By virtue of its complex web of politically salient identities and history of chronic and seemingly intractable conflicts and instability, Nigeria can be rightly described as one of the most deeply divided states in Africa. From its inception as a colonial state, Nigeria has faced a perennial crisis of territorial or state legitimacy, which has often challenged its efforts at national cohesion, democratization, stability and economic transformation.
Religious identities in Nigeria are usually classified into three – Christian, Muslim and Traditional. Of the three, traditional religion is the least politically active; numbering several hundreds of ethnic groups and subgroups, villages, clans and kin groups; and, involving the worship of different gods and goddesses. In parts of the Kogi, Kwara, and Nassarawa States, masquerade activities associated with traditional religion have been a major source of conflicts. However, Christian and Muslim identities have been the mainstay of religious differentiation and conflict, with Nigerian Muslims much more likely to evince or articulate a religious identity than Christians.

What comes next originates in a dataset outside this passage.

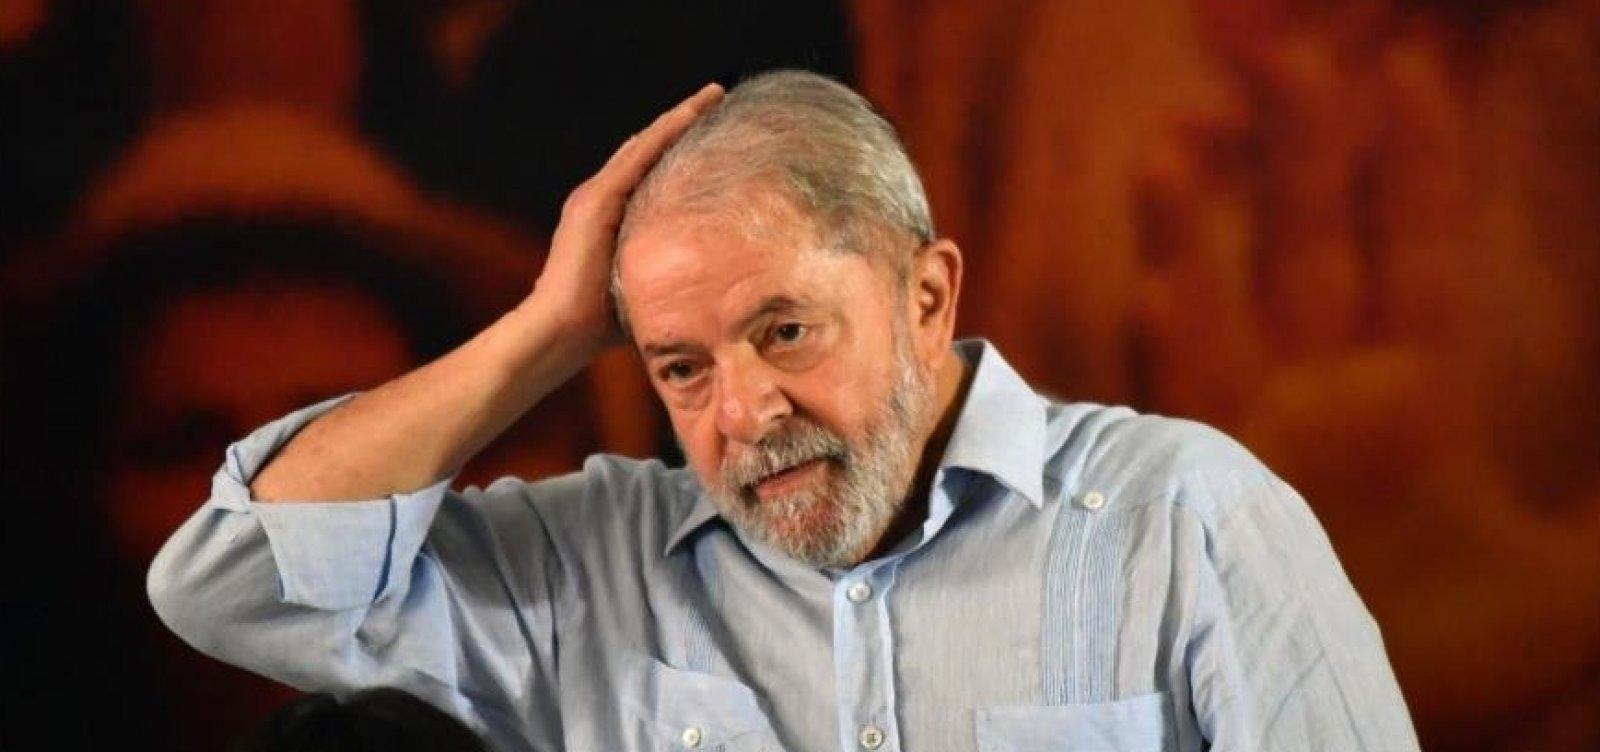 [ Tribunal rejeita pedido de Lula para votar no domingo]

Underneath the broad Christian-Muslim categories are several sub-cleavages that have at one time or the other been politically salient or have the potential to be, and have generated intra-group conflicts. Among Christians, there are several denominations, including: the Protestants (Anglican, Baptist, Methodist, and Lutheran), the Catholics, the Evangelical Church of West Africa, the Seventh Day Adventists, the Jehovah’s Witnesses, and a host of ‘home-grown’, ‘white garment’ (Aladura and Celestial) and Pentecostal churches.

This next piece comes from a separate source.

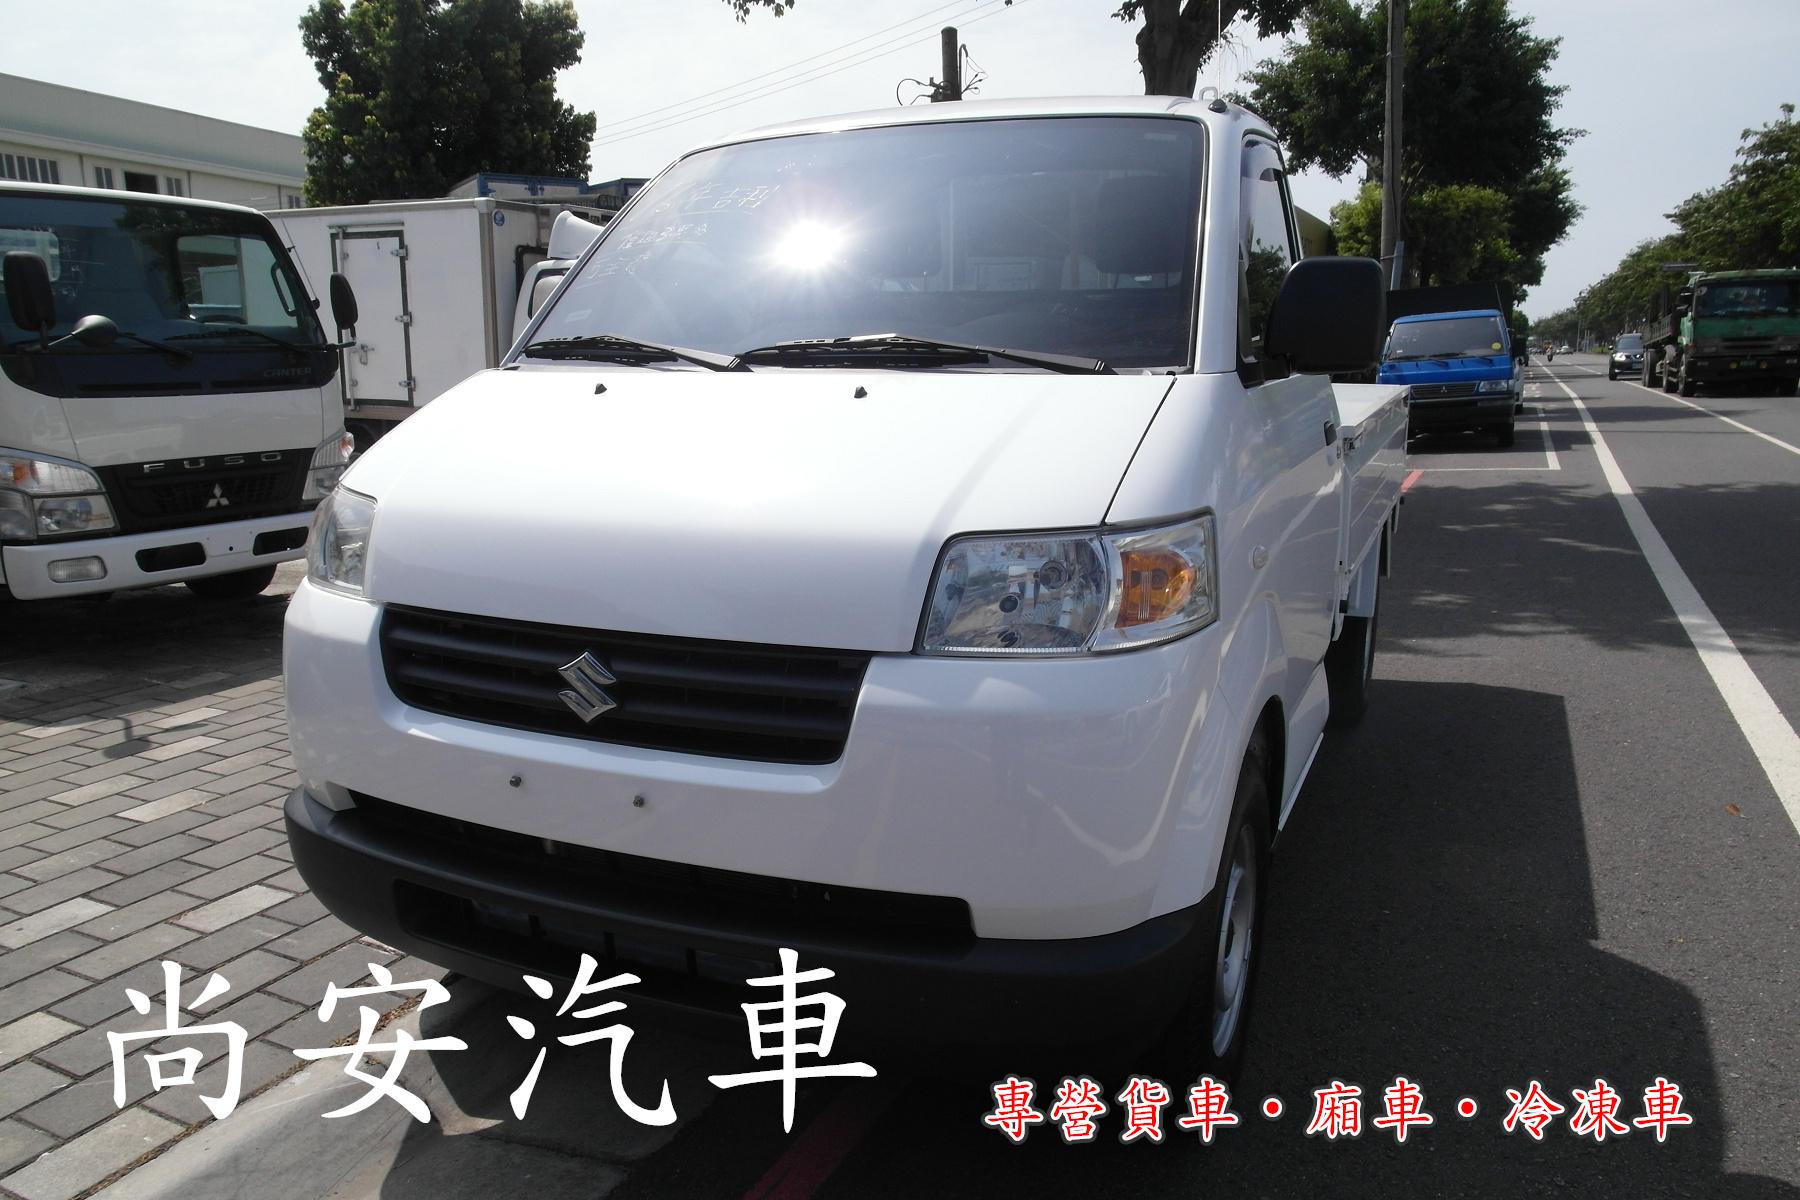 2016 Suzuki 鈴木 Super carry

Muslims on the other hand belong to different sects, including the Ahmadiyya, Sanusiyya, Tijanniyya and Quadriyya, among which there have been conflicts. There are also some umbrella organizations, which aim at the propagation of Islam. One of these is the Jamaatu Nasril Islam (JNI), which was founded by the Sardauna of Sokoto in 1961. Following the Iranian Islamic revolution of the 1970s, there was a surge of radical and fundamentalist activities especially among Muslim youths. This was the context within which some fundamentalist Muslim sects, notably the Maitatsine, Izala movement, the Muslim Brothers or Shiites, and most recently the Talibans, Boko Haram, emerged to demand, amongst others: pursuit of Islam based on Sharia law; the eradication of heretical innovations; and the establishment of an Islamic state or theocracy. The activities of these sects are major precipitant of the religious conflicts that proliferated Northern Nigerian political landscape since 1980s till date. Most of these involve conflicts between Muslims and Christians, with clear ethnic undertones, but some especially those involving the Izala and Boko Haram, also entailed anti-state mobilization.
The resent emergence of the new terror group (Boko Haram) in Northern Nigeria has affected negatively the political, economic, social and environmental situation of the region and in extension Nigerian economy. The continuous killing and destruction of lives and properties in Northern Nigeria in the name of Islam has a negative effect on the economy of Northern States and Nigeria at large. Economic activities have almost been grounded by series of terrorist attacks in Borno and Yobe State, living people stranded, jobless and some refuges in their homeland. Many businessmen, companies both local and foreign have left some of these ‘worst hit’ States depriving government millions of tax revenue that would have been collected if economic activities are booming. The government is only left with diversion of money meant for development of the country and improvement of living standard of people to heavy spending on security. Therefore, negatively affecting the economy and living standard of people in the affected States in particular and Nigeria in general.